Emmanuel Combe a publié le 21 Mai 2024 une tribune dans Les Échos sur le protectionnisme douanier.
Protectionnisme douanier : vraiment une bonne idée ?
L’Union Européenne s’est donnée comme objectif prioritaire de développer une véritable « autonomie stratégique », visant à réduire nos dépendances à l’importation, à rattraper nos retards dans des secteurs jugés stratégiques et à préparer les ruptures technologiques de demain. Sans remettre en cause un objectif aussi légitime qu’ambitieux, on peut s’interroger sur les instruments mobilisés pour y parvenir. A cet égard, le recours au protectionnisme douanier, à l’image de la procédure anti-dumping actuellement en cours à l’encontre des voitures électriques chinoises, mérite que l’on s’y arrête. Est-on vraiment certain que l’imposition de droits de douane constitue la réponse la plus efficace ? On peut en douter pour au moins 5 raisons.
En premier lieu, les droits de douane vont se traduire mécaniquement par des hausses de prix en Europe : à la fin des fins, c’est toujours le client final qui paie la facture du protectionnisme, qu’il soit consommateur ou entreprise. Dans le cas de l’automobile, un protectionnisme douanier aura pour effet de faire monter le prix des voitures électriques chinoises mais aussi européennes, désormais protégées de la concurrence chinoise. Il en résultera une perte de pouvoir d’achat pour des millions d’Européens. Cet effet peut même affecter négativement la compétitivité de nos entreprises, si elles utilisent des produits importés soumis aux droits de douane.

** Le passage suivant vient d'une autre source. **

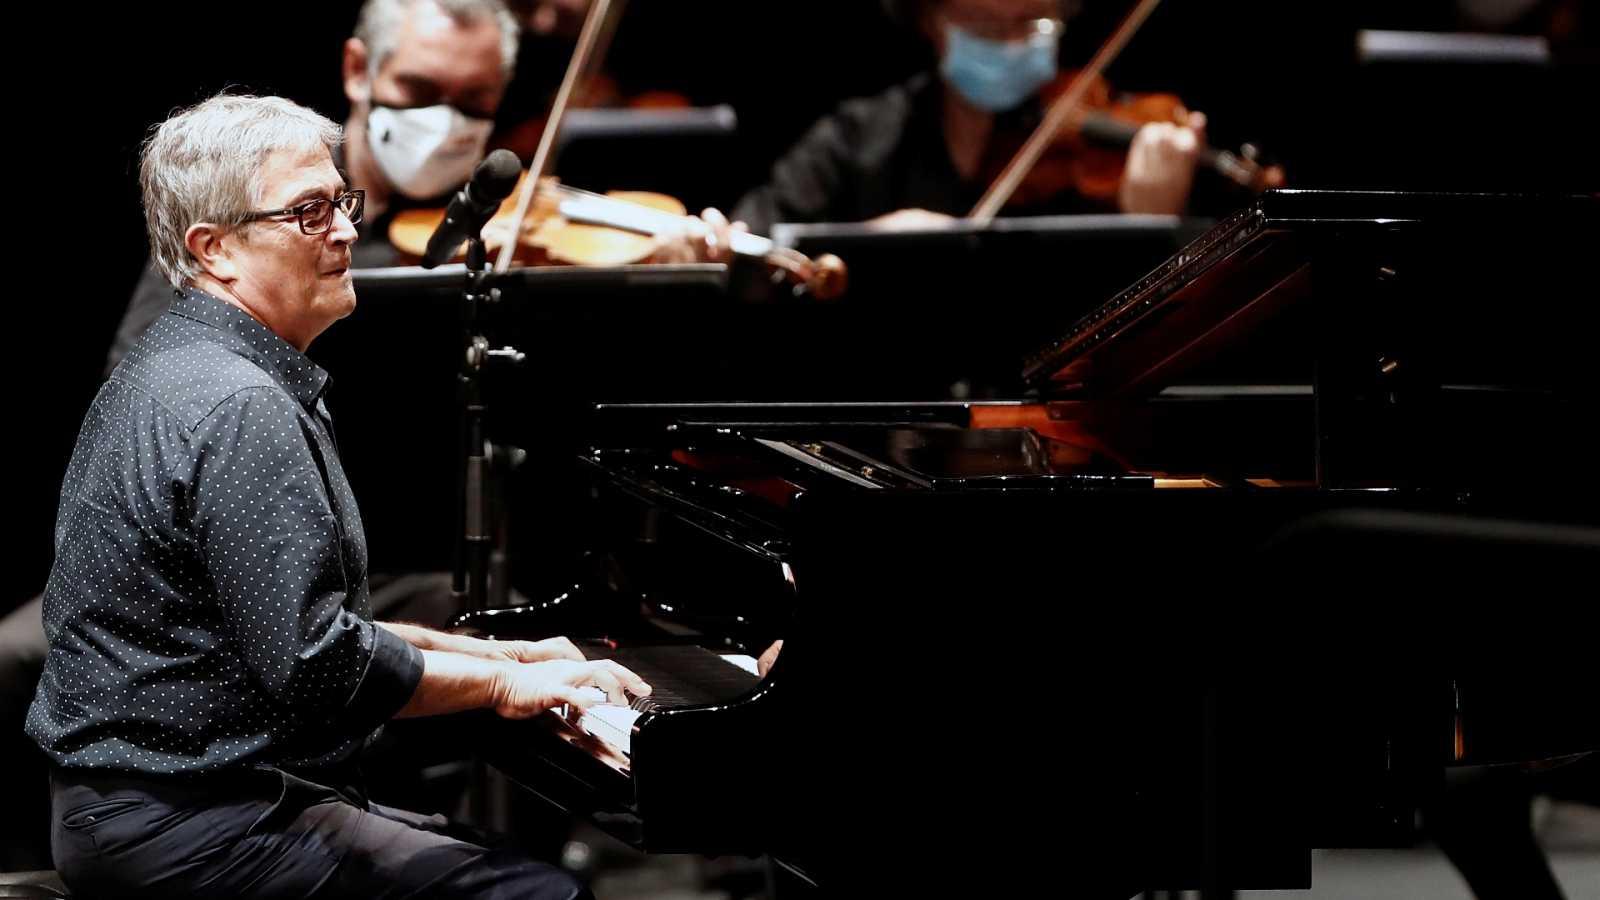 El ojo crítico - Con Antonio Colinas y Chano Rodríguez, Premio Nacional de Músicas Actuales - 16/10/20 - escuchar ahora

En second lieu, les droits de douane vont nécessairement entrainer des représailles de nos partenaires commerciaux. Ainsi, si l’on impose des droits de douane sur les voitures électriques chinoises, la Chine imposera des contre-mesures, au travers de taxes douanières sur le cognac, voire l’agro-alimentaire, le luxe ou l’aéronautique. La Chine pourrait également riposter en réduisant ses exportations de métaux rares vers l’Europe, ce qui réduira notre capacité à produire demain des batteries électriques.
En troisième lieu, en réduisant la menace des importations, les droits de douane vont diminuer l’incitation à innover et les gains de productivité dans nos industries protégées. Le paradoxe du protectionnisme douanier est qu’il risque d’accroitre nos retards plutôt que de les combler. Comme l’écrivait si justement Jean Jaurès il y a plus d’un siècle, les barrières douanières ne constituent qu’un « abri provisoire », qui « isolent plus qu’elles ne protègent ».
En quatrième lieu, les représailles de nos partenaires vont réduire la taille des marchés à l’exportation, ce qui aura un effet négatif en termes d’économies d’échelle et un effet désincitatif sur nos entreprises exportatrices, comme l’ont montré les travaux empiriques d’Aghion et Melitz. Le protectionnisme va paradoxalement réduire ce qui fait l’une des forces de l’Europe : sa capacité à exporter. N’oublions pas en effet que l’Europe affichait en 2023 un excédent commercial avec le reste du monde de … 38 milliards d’euros.
En dernier lieu, le protectionnisme douanier sera facilement contourné par les entreprises exportatrices, au travers d’une stratégie de « tarif jumping ». Le contournement pourra être indirect, via un pays tiers, ou direct, l’exportateur venant s’implanter dans le pays protégé. Ainsi, l’entreprise chinoise BYD a annoncé l’implantation d’un premier site de production de voitures électriques en Hongrie en 2025. L’effet des droits de douane sur la reconquête industrielle risque alors d’être des plus limités : les Européens achèteront à la fin des voitures chinoises … assemblées en Europe.
Est-ce à dire qu’il ne faut rien faire pour réduire nos dépendances, aider notre industrie à rattraper ses retards et préparer les innovations de demain ? A l’ évidence non. Mais une chose est certaine : le protectionnisme douanier n’est pas une solution efficace.